Lassen wir das immer passende Argument 'Das kann man nicht miteinander vergleichen' mal beiseite.
Reden wir stattdessen über die Haltung, die eigenen Interessen, den eigenen Vorteil, zum Nachteil einer anderen Position, selbst wenn diese richtiger, besser ist, in den Vordergrund zu stellen. 

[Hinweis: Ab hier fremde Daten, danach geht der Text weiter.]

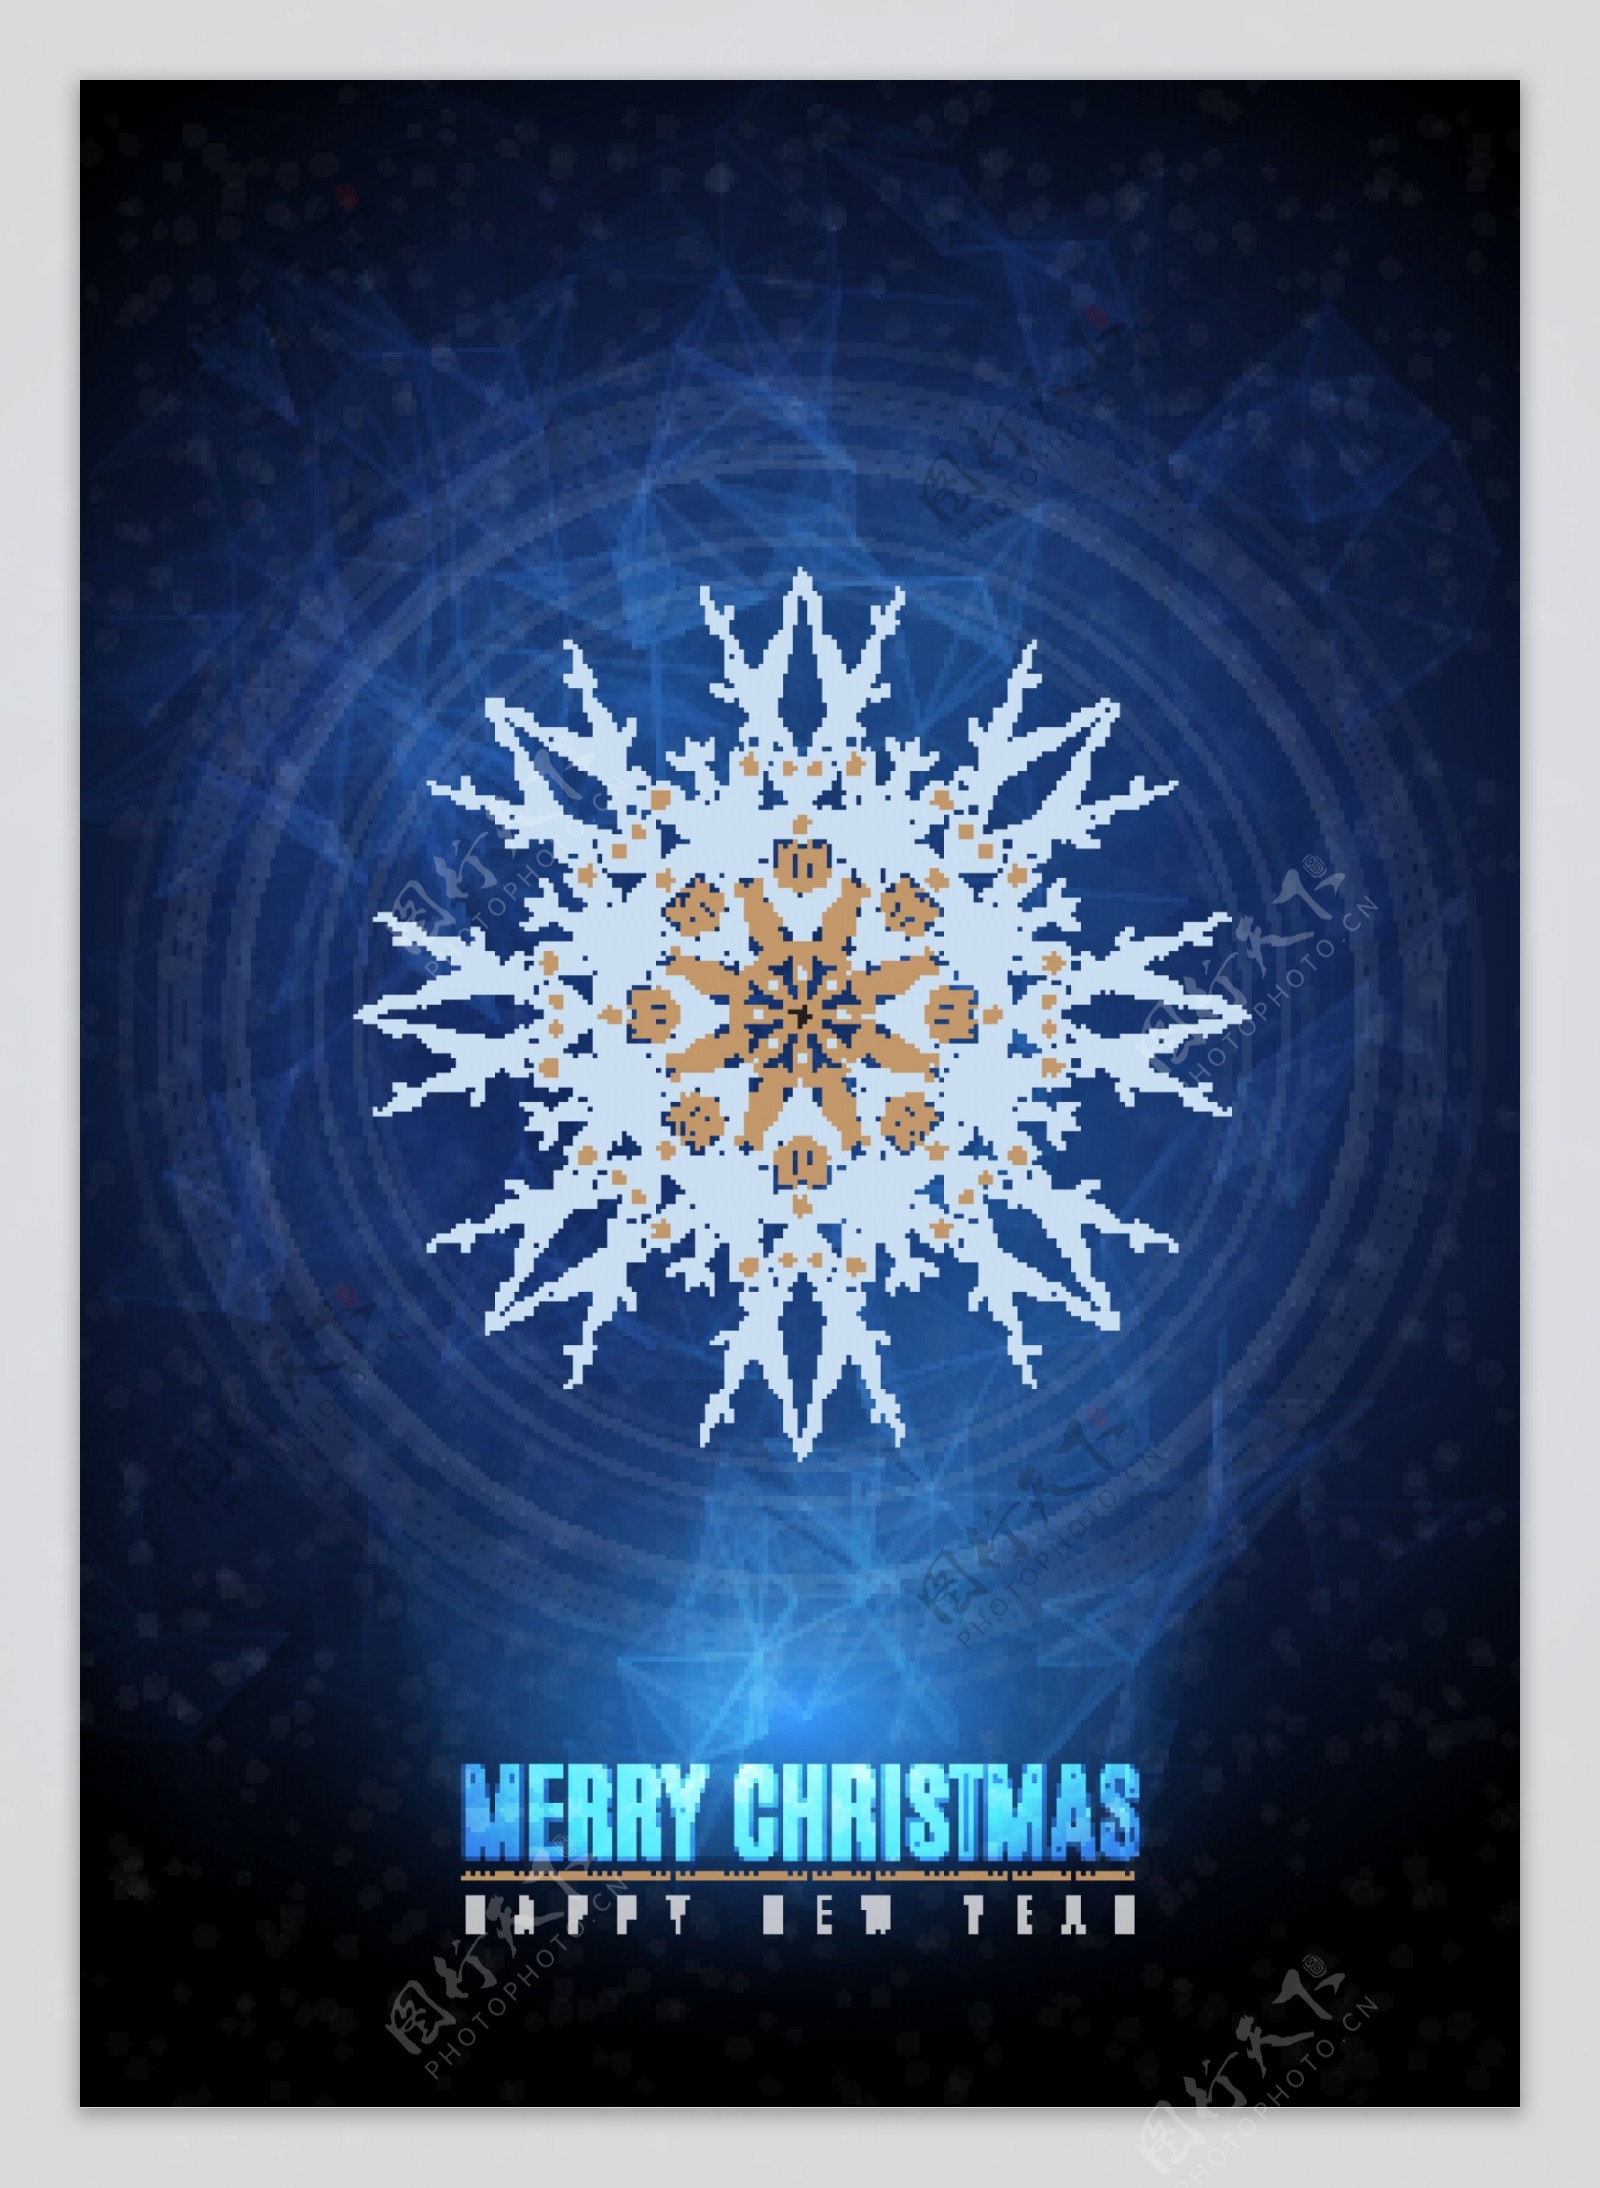 蓝色雪花图案圣诞海报矢量素材下载

Ist die nicht in vielen Organisationen (den meisten?) üblich und erwartete Praxis? Auch wenn oft das Gegenteil behauptet wird, Opportunismus wird geradezu gefördert. Es ist gut, dass der Begriff 'Querdenker' mittlerweile in Verruf geraten ist. Deren Fehlen in Unternehmen wurde zwar immer wieder bemängelt, aber ernsthaft um ihre Gewinnung hat sich auch niemand bemüht. Das liegt aber schon daran, dass meist nicht klar ist, was genau damit gemeint ist.

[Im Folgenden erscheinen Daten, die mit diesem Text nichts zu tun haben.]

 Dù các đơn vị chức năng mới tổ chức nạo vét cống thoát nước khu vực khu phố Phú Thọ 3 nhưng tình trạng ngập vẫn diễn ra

Es ist auch nicht so einfach mit dem Opportunismus. Die Grenze zur Anpassung ist sehr fließend. Jedes Unternehmen und jede Organisation muß bei den Mitgliedern ein gewisses Maß an Anpassung voraussetzen. Rgeln müssen eingehalten, Anweisungen befolgt werden. Sonst funktioniert es nicht.

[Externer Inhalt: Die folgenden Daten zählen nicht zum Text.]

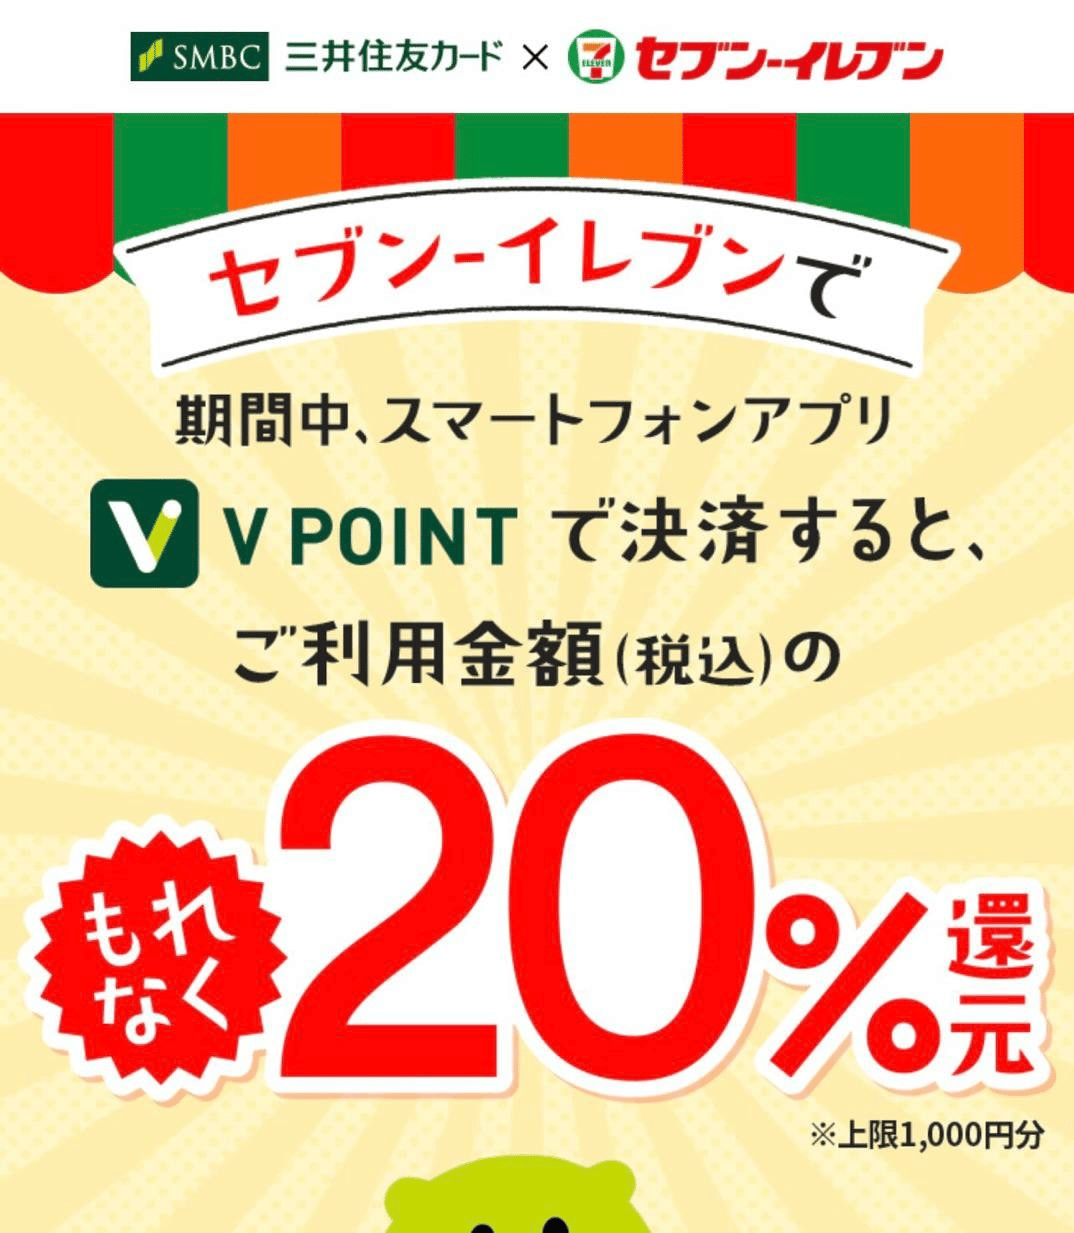 使用Vpoint APP到7-11消費可獲20%回贈!

Aber weil die Grenze fließend ist, müssen Unternehmen vorsichtig mit dem Verlangen nach Anpassung umgehen. Es reicht nicht, selbständiges Arbeiten zu propagieren und zu verlangen, man muss auch die Rahmenbedingungen dafür schaffen. Auch eine großzügige Home-Office-Regelung sagt noch nichts über den 'Anpassungsindex' im Unternehmen aus. Wenn es im obigen Beispiel tatsächlich möglich wäre, in dem Meeting unbefangen mit dem CEO über das geplante Change-Projekt zu diskutieren und kritische Erfahrungen aus vergangenen Aktionen dieser Art zur Sprache zu bringen, dann wäre das schon mal ein guter Schritt. Wenn nicht sofort die Vokabel 'Bedenkenträger' fällt, wenn jemand eine kritische Frage stellt, das könnte schon ein gutes Zeichen sein.
Es kommt vor allem auf die Führungskräfte selbst an. Sie können Mitarbeitenden, die zu Opportunismus neigen, zu verstehen geben, dass sie darauf nicht anspringen. Es gibt Beschäftigte, die Opportunismus sehr gut zu dosieren wissen und nicht wenige Chefs empfinden das durchaus als angenehm. Hier gilt es freundliche Souveränität zu zeigen. Aber auch Vorgesetzte können den Mitarbeitern gegenüber opportunistisch sein. Wenn sie zur Vermeidung von Diskussionen beispielsweise auf eine eigentlich notwendige kritische Beurteilung verzichten oder diese nur sehr weichgepült vermitteln.
Es gibt im Unternehmensalltag regelmäßig Gelegenheiten opportunistsch zu sein, aber auch Opportunismus zu vermeiden. Es nicht notwendig nach Querdenkern zu rufen, wenn man dafür Sensibilität entwickelt. Vielleicht kann die Diskussion um Neuers Armbinde die ja fördern.